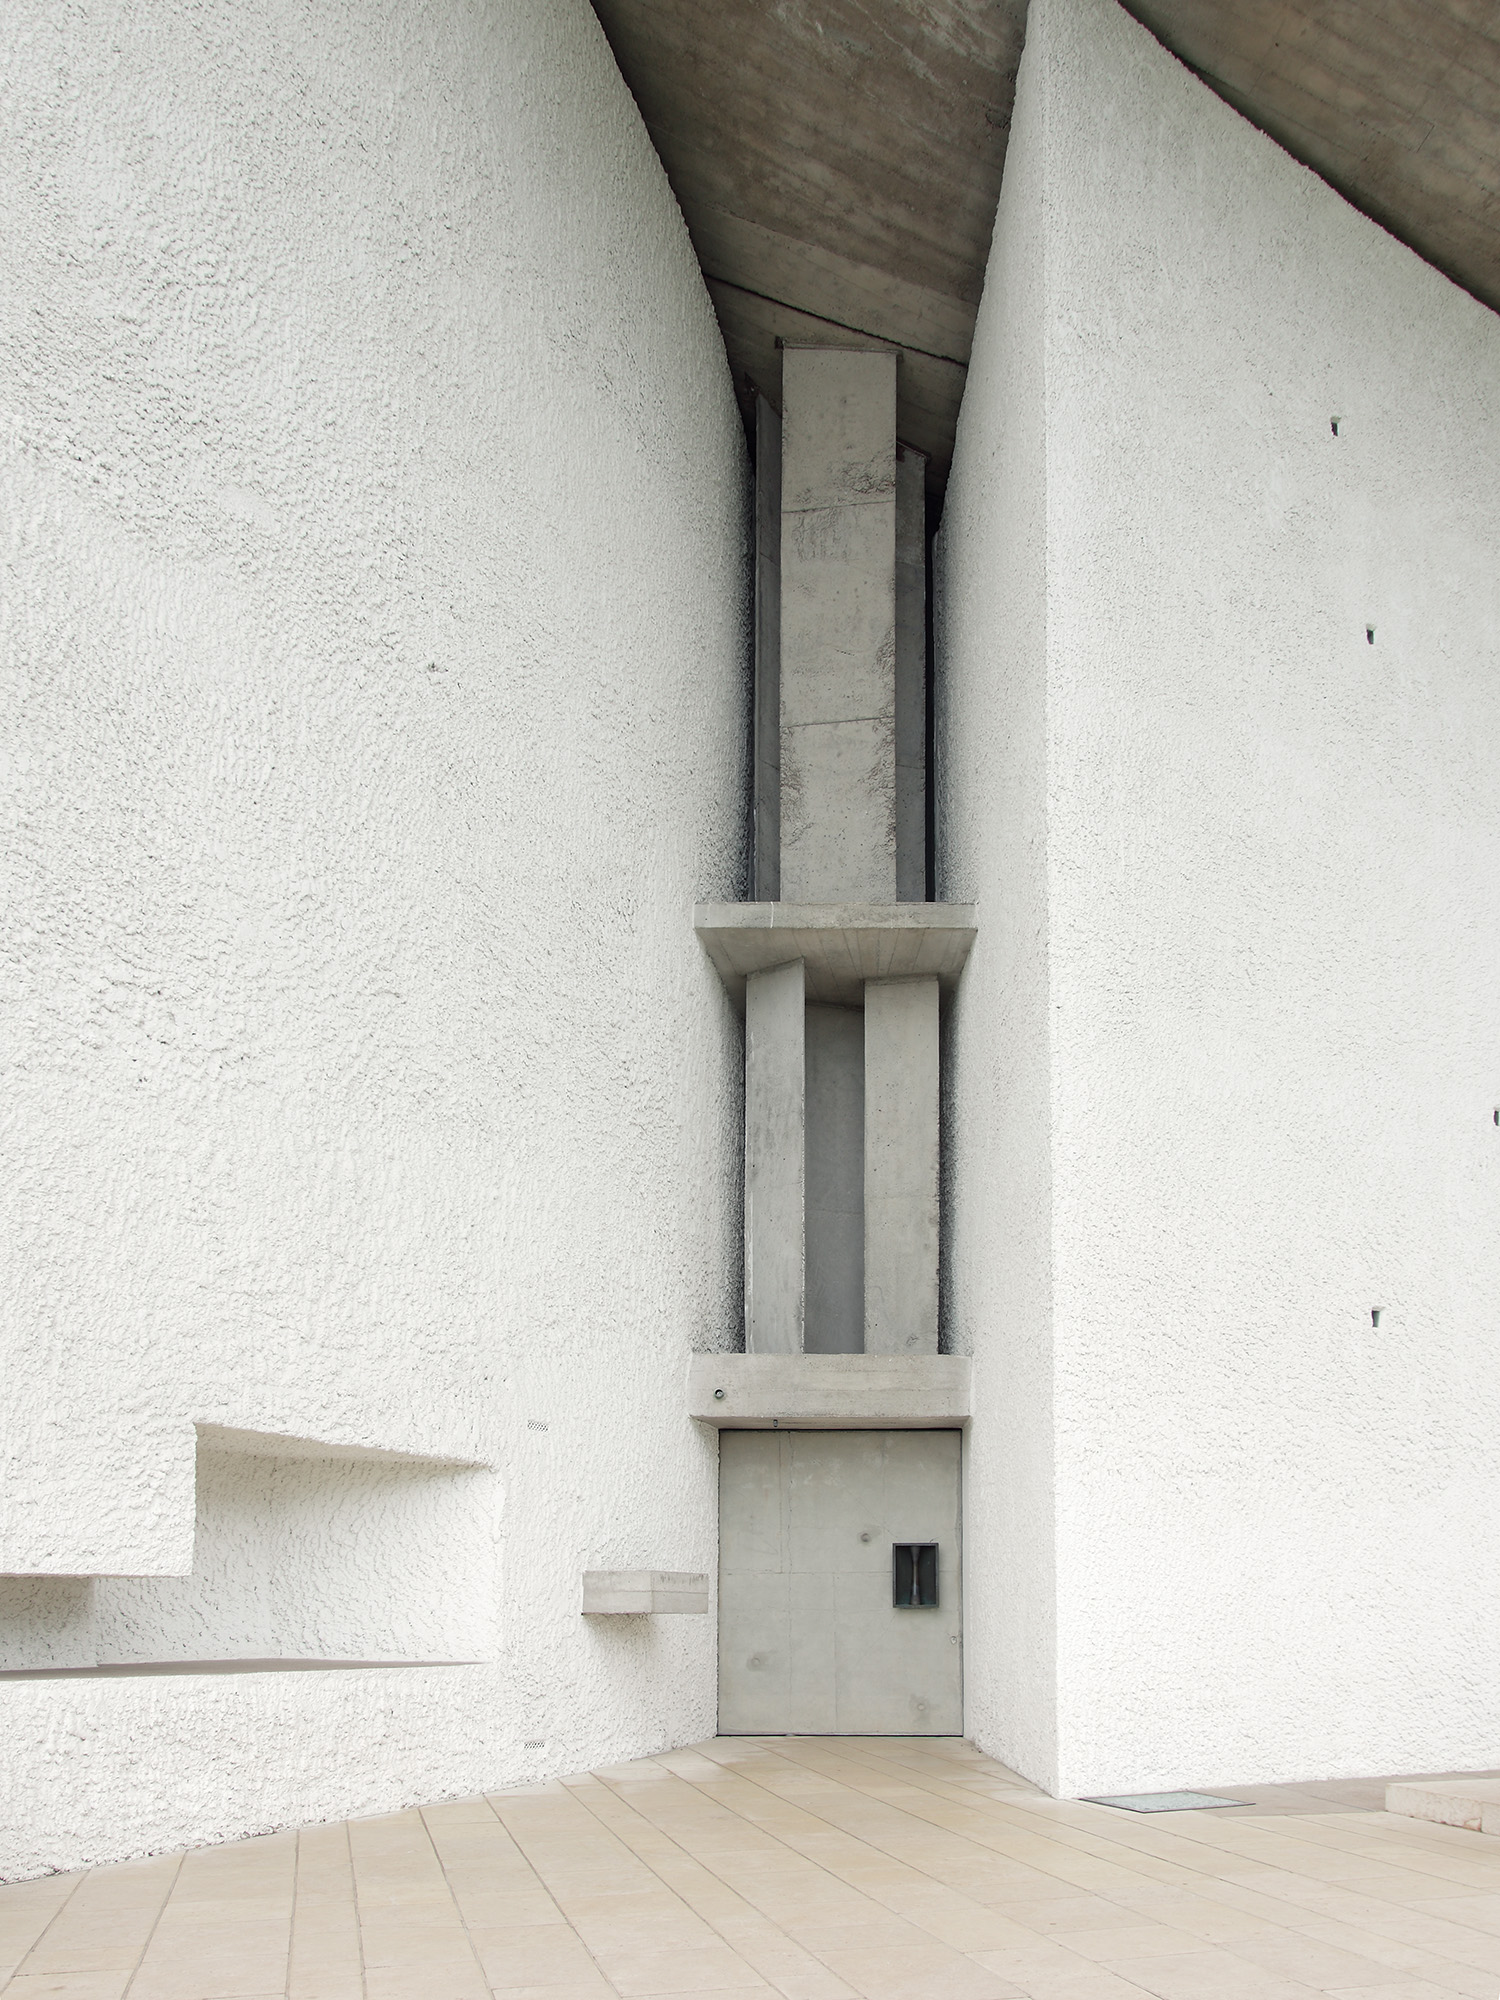 Notre Dame de Haut
Le Corbusier, 1955
Ronchamp
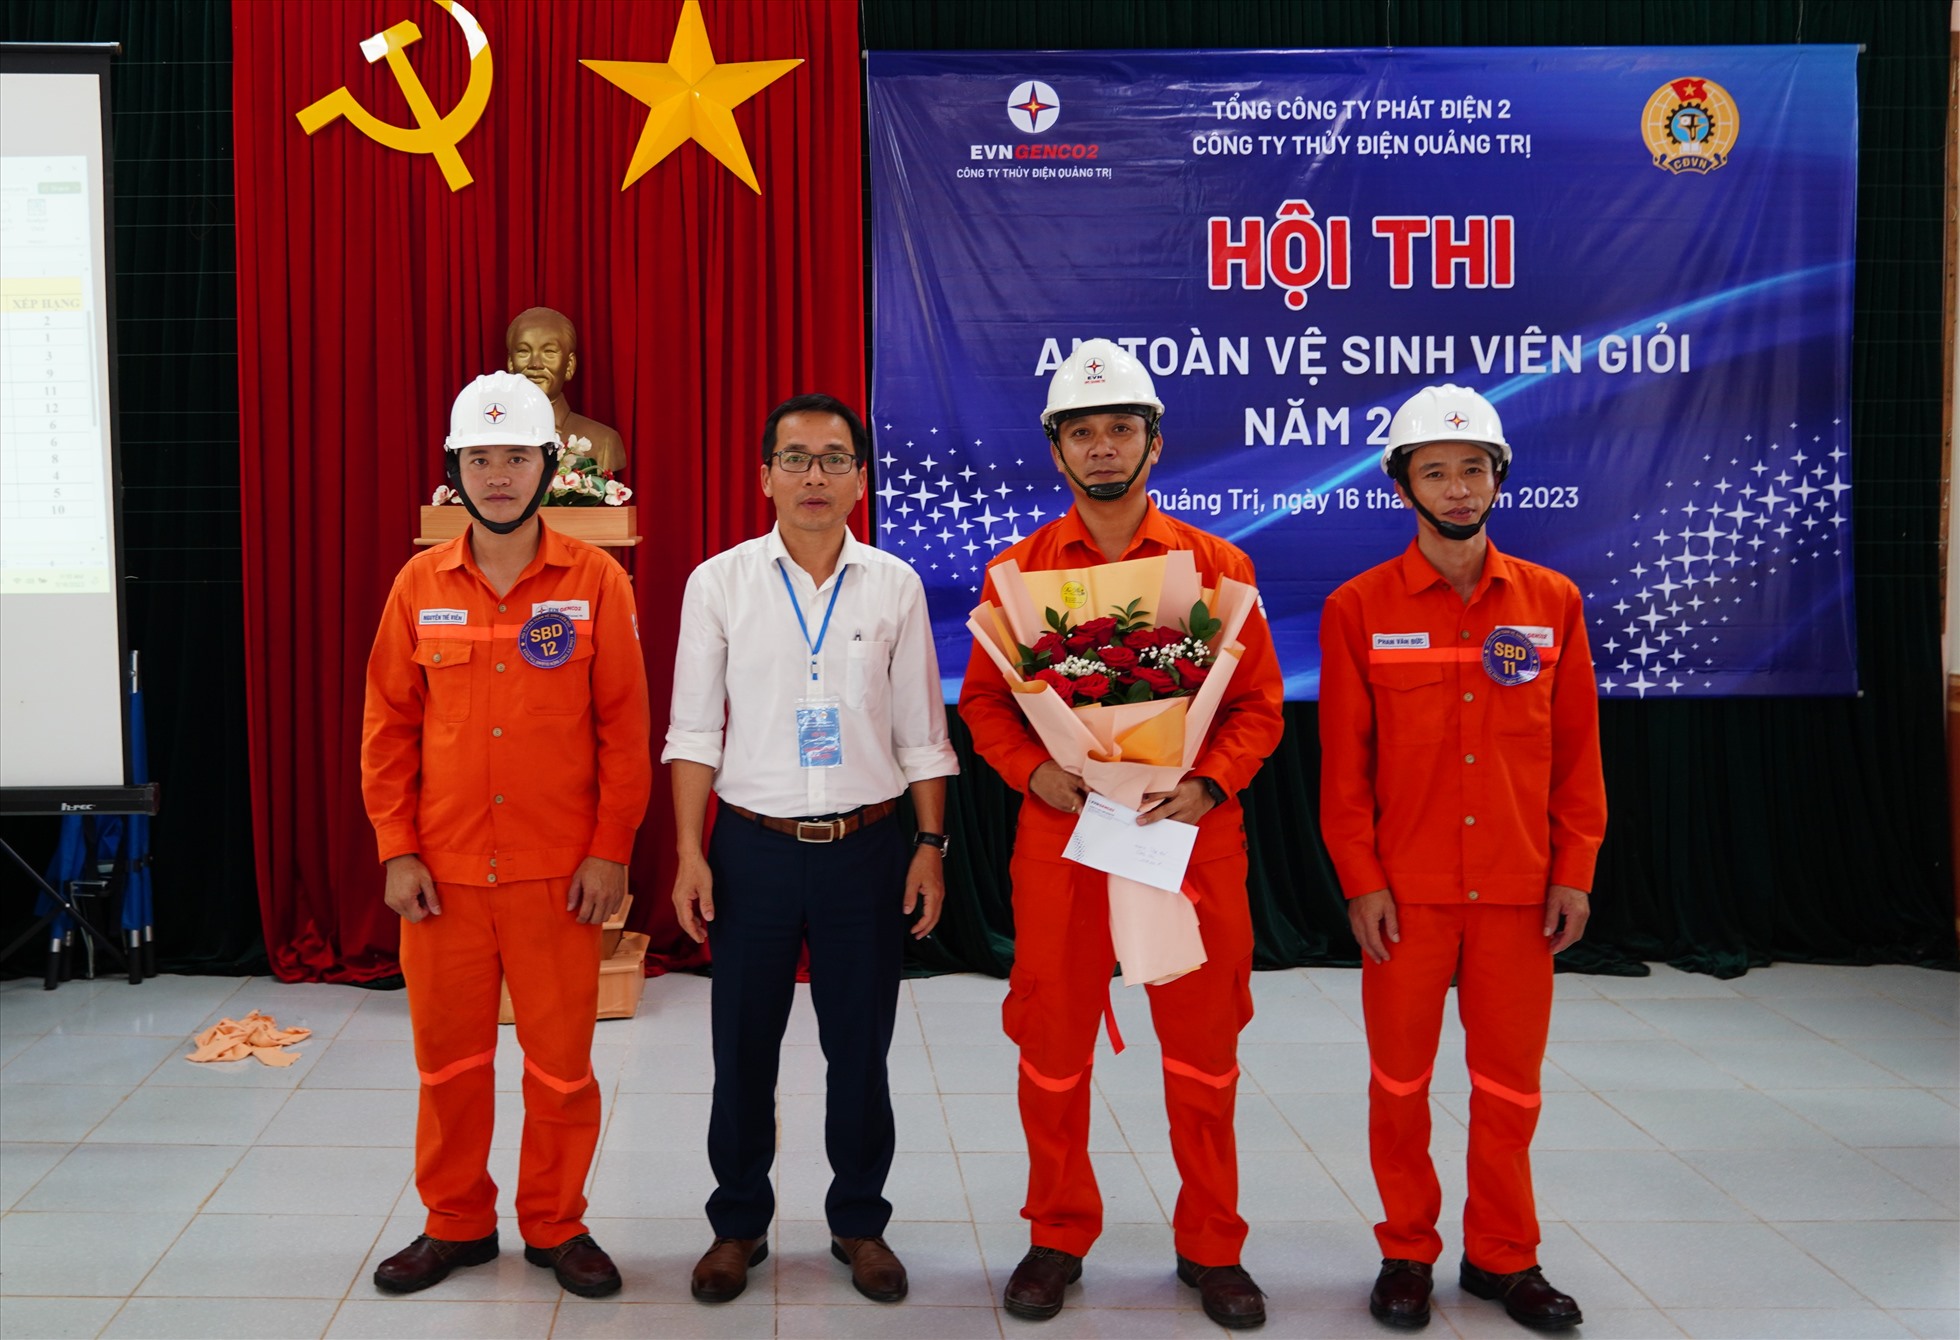 Ông Đoàn Thanh Điểm - Phó Giám đốc, Chủ tịch Công đoàn Công ty Thủy điện Quảng Trị trao giải cho đội có thành tích tại hội thi. Ảnh: Trang Sinh.

********************

Leave the pictures out and transcribe the remaining material exactly.

ANSWER:
 Notre Dame de Haut
Le Corbusier, 1955
Ronchamp
 Ông Đoàn Thanh Điểm - Phó Giám đốc, Chủ tịch Công đoàn Công ty Thủy điện Quảng Trị trao giải cho đội có thành tích tại hội thi. Ảnh: Trang Sinh.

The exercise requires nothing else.